» **What you will do**: Please give all of the data again, character for character, and drop the pictures.

» **Source data**:

|---|

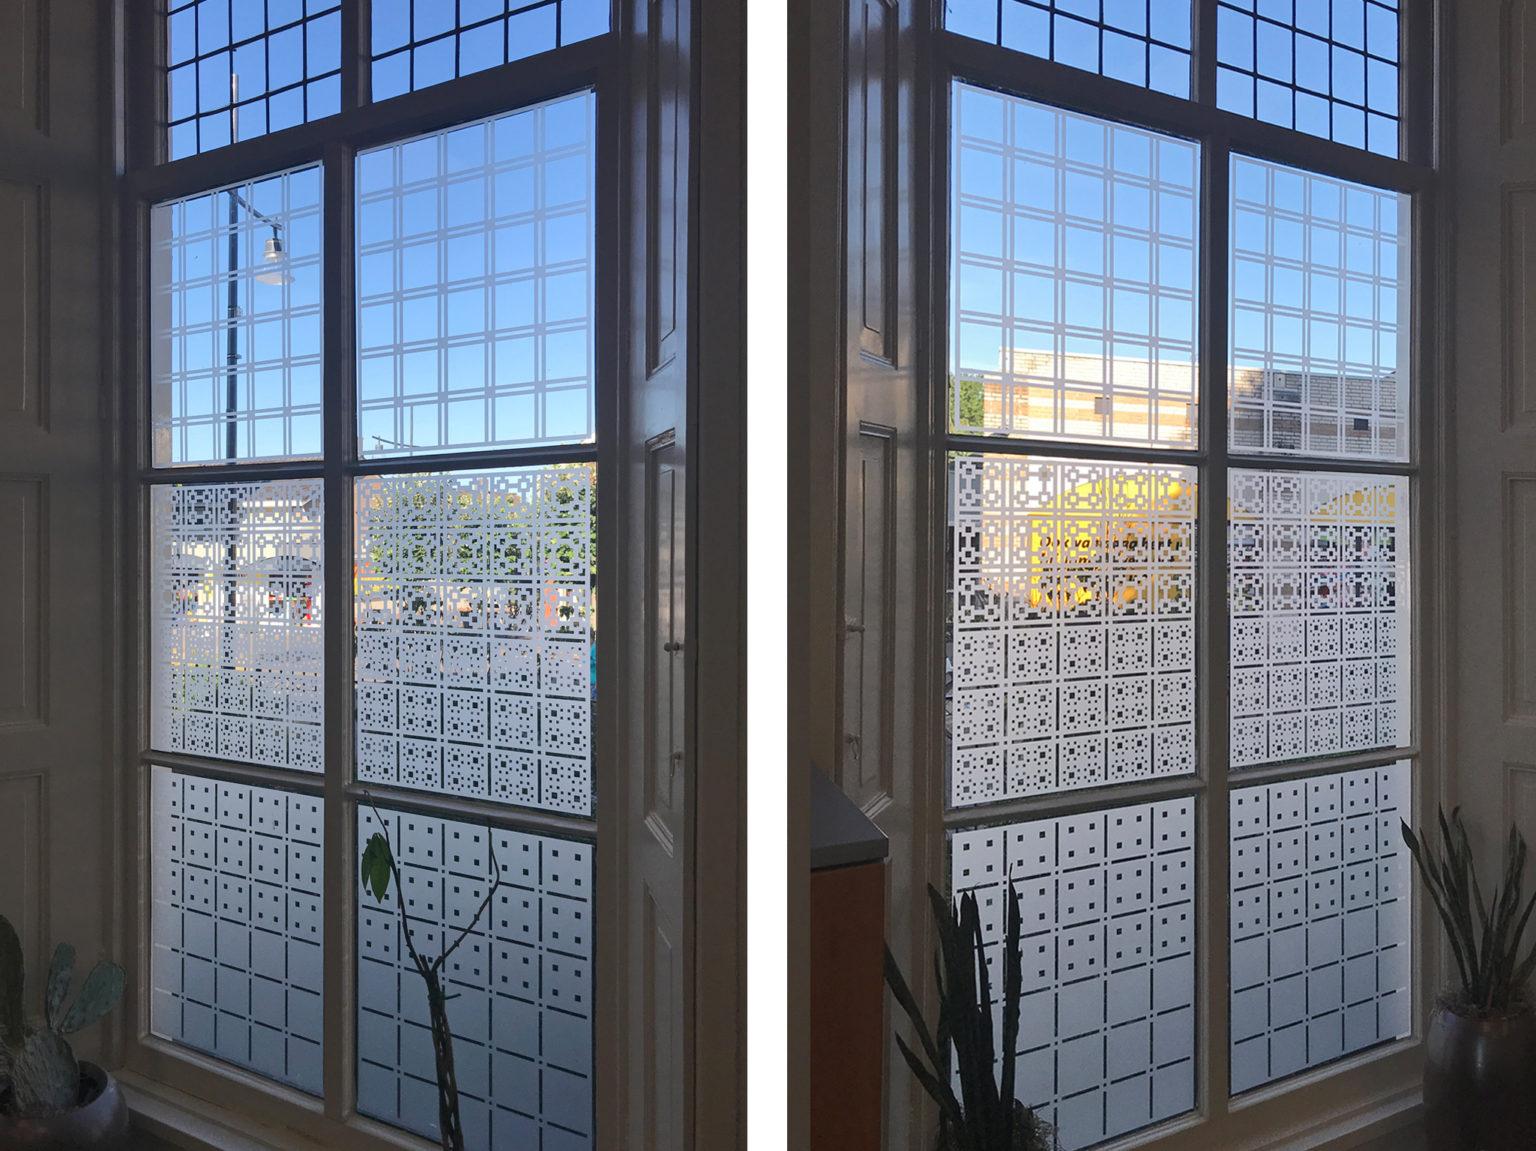 Raamfolie patronen in kantoor van binnen gezien.
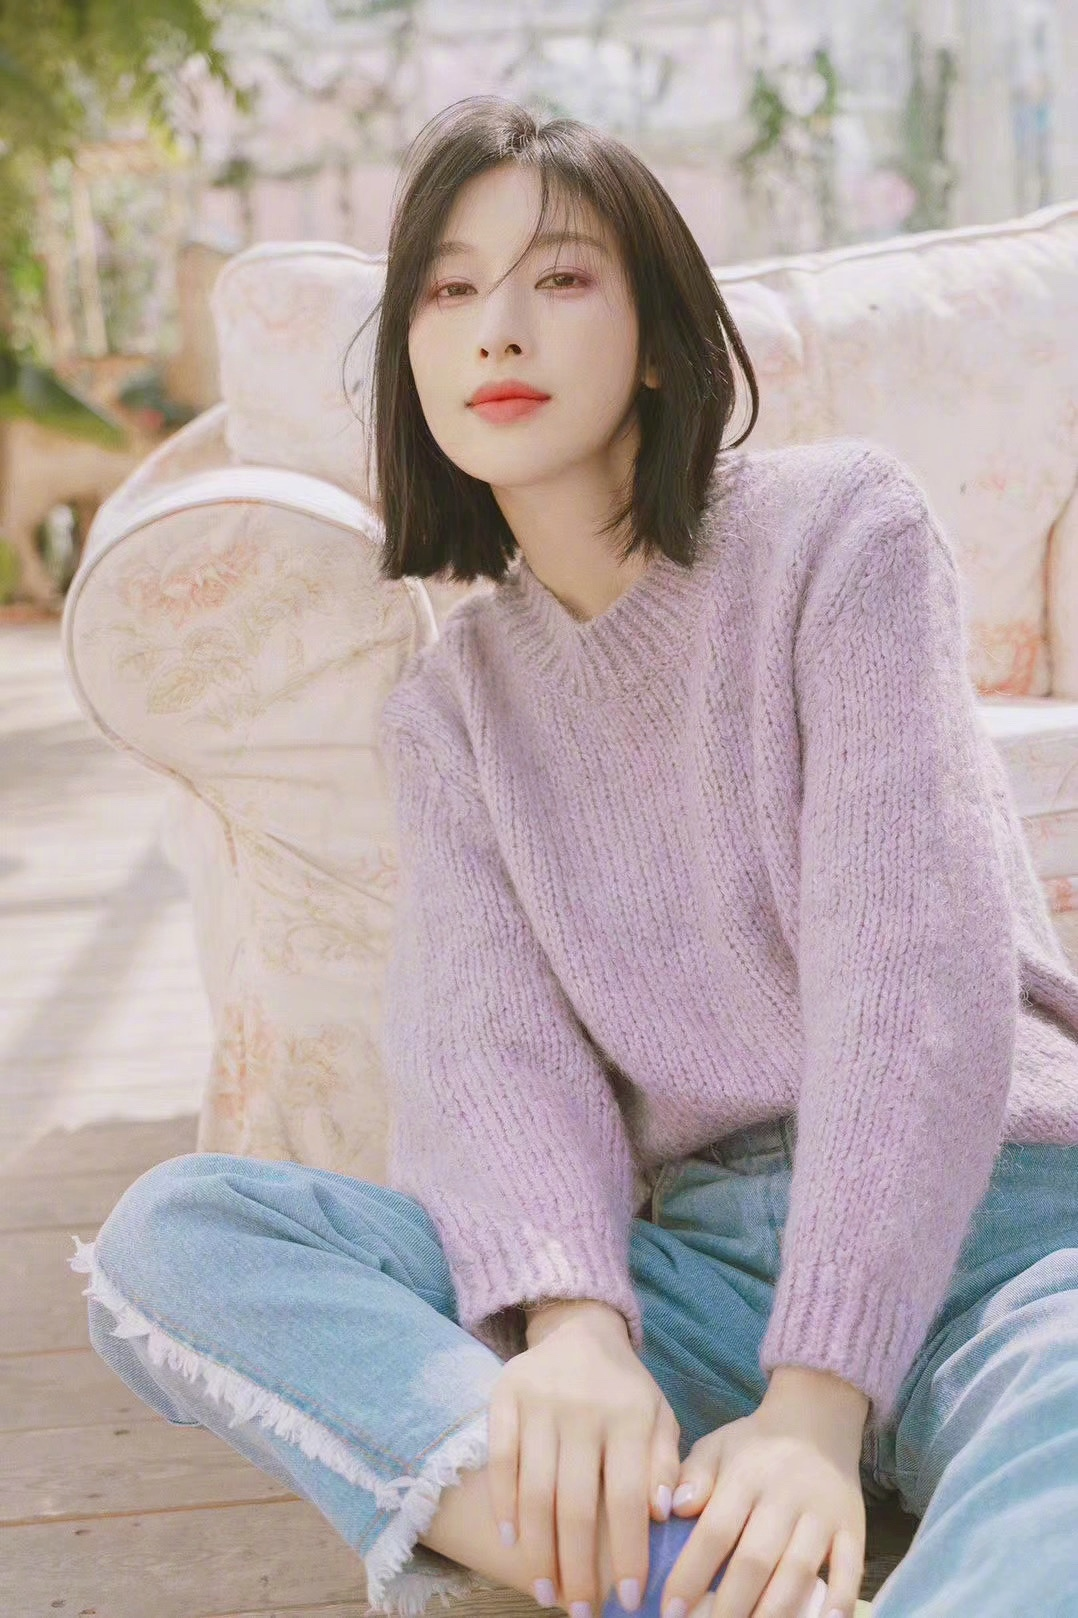 张俪薰衣草色写真大片,身穿软糯薰衣草紫色针织毛衣,温柔甜美。
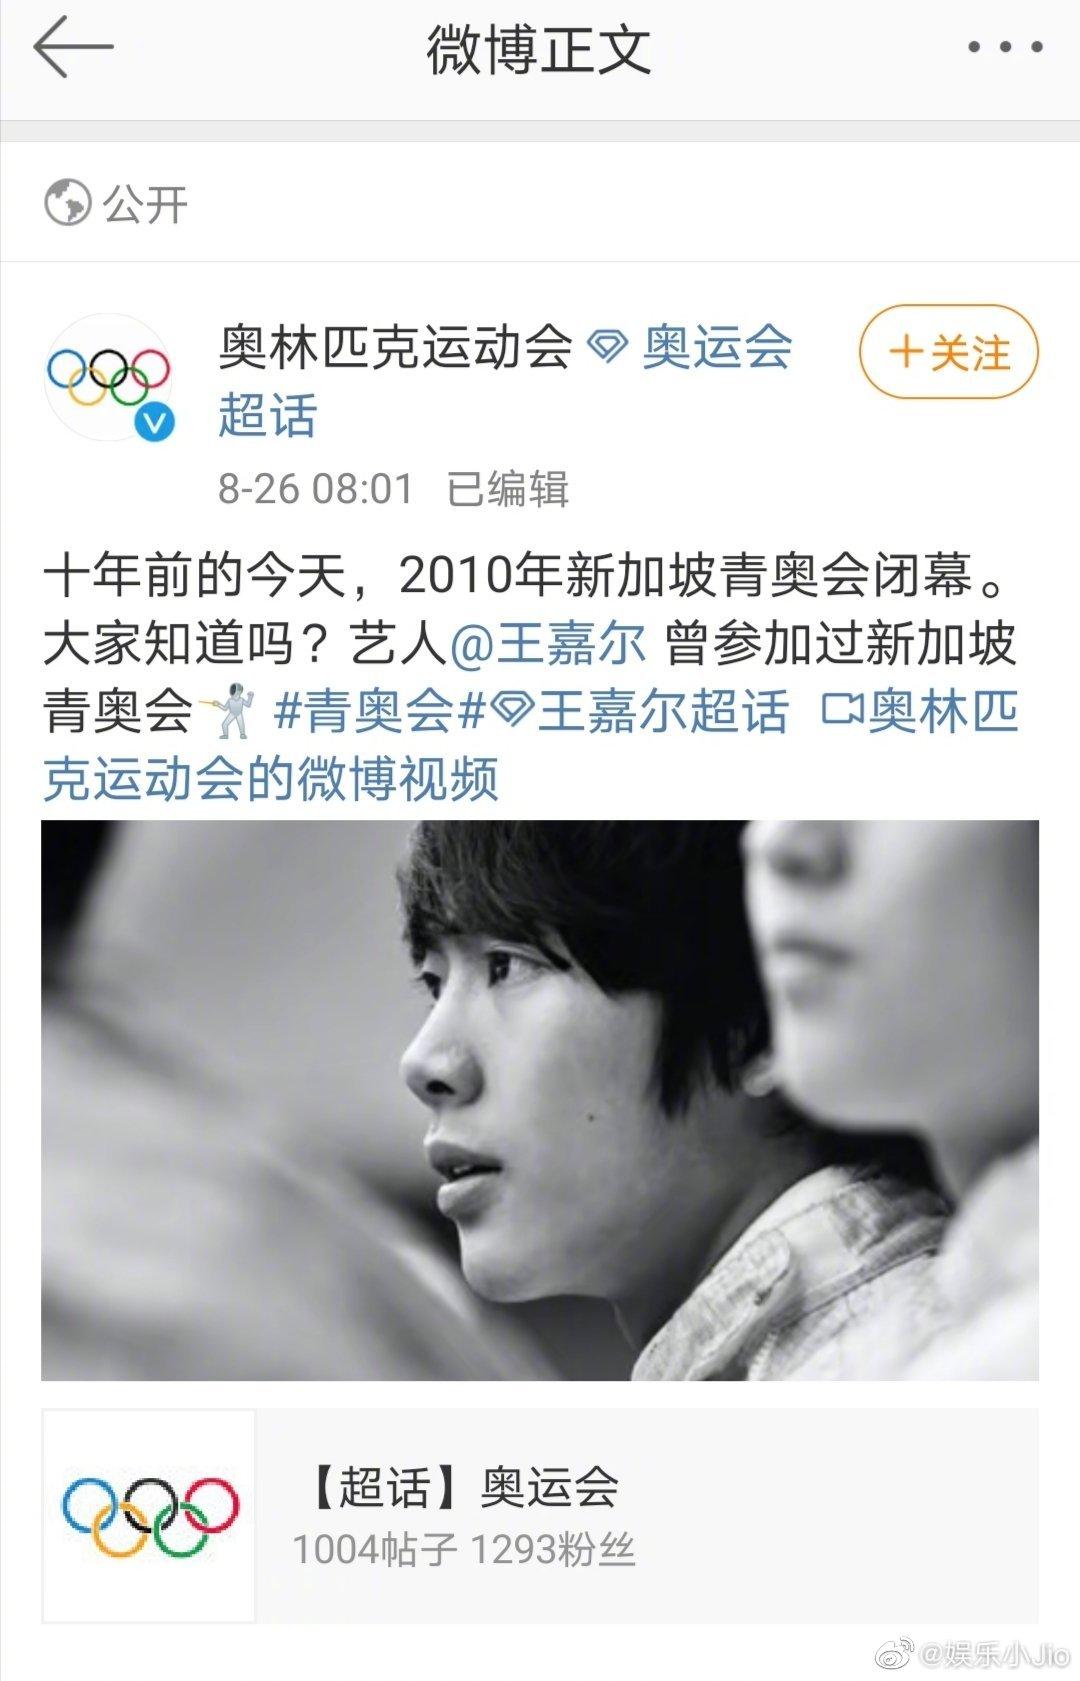 国际奥委会发了王嘉尔啦他10年前参加亚青赛拿下自己人生第一枚亚洲
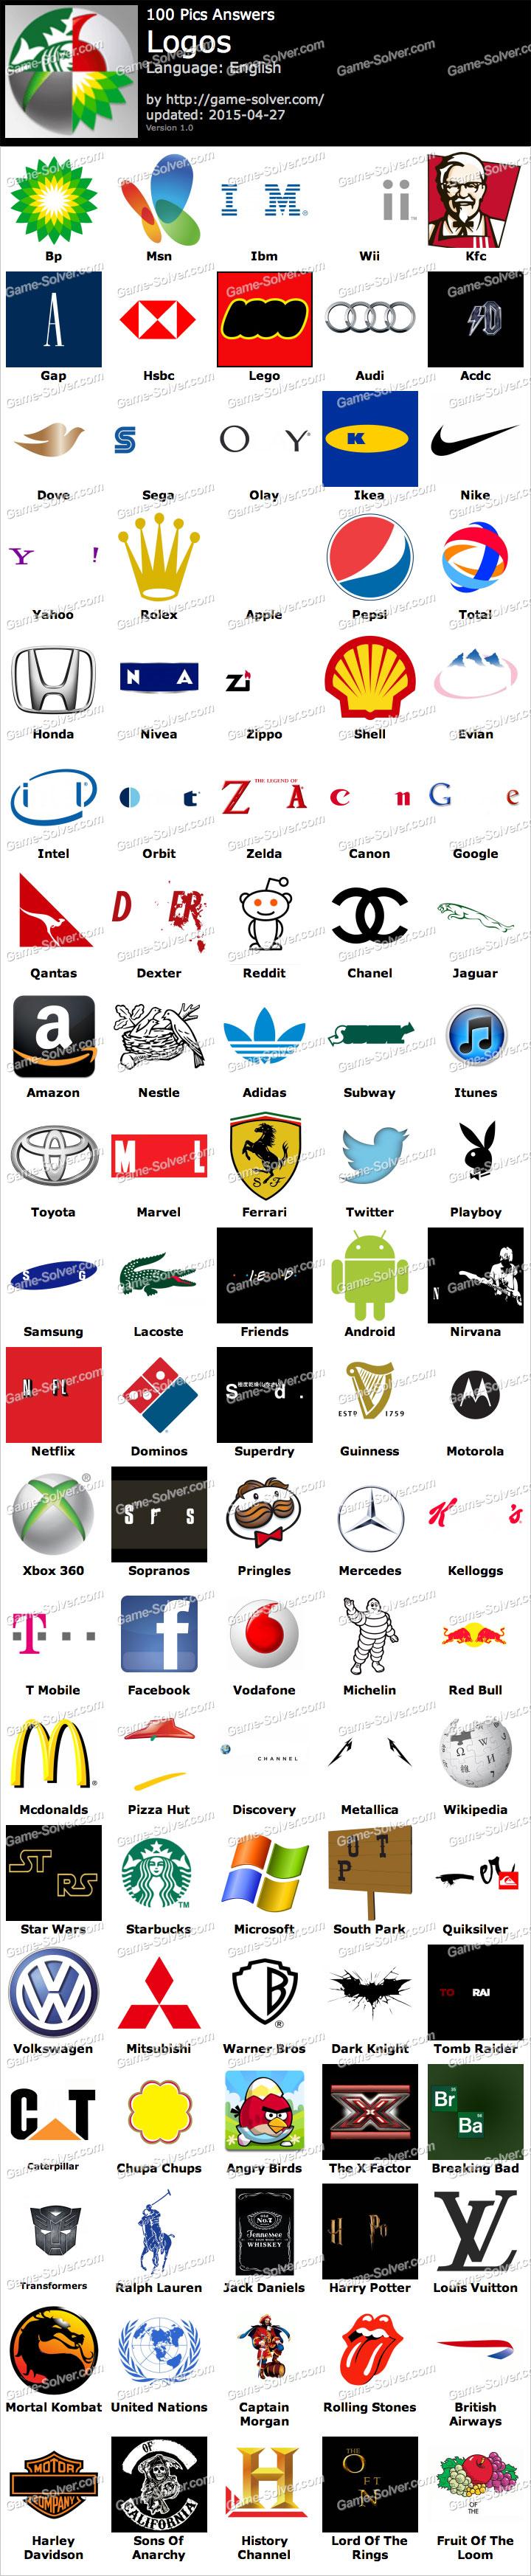 100 answers logo pics

|---|

» **Problem solution**:
 Raamfolie patronen in kantoor van binnen gezien.
 张俪薰衣草色写真大片,身穿软糯薰衣草紫色针织毛衣,温柔甜美。
 国际奥委会发了王嘉尔啦他10年前参加亚青赛拿下自己人生第一枚亚洲
 100 answers logo pics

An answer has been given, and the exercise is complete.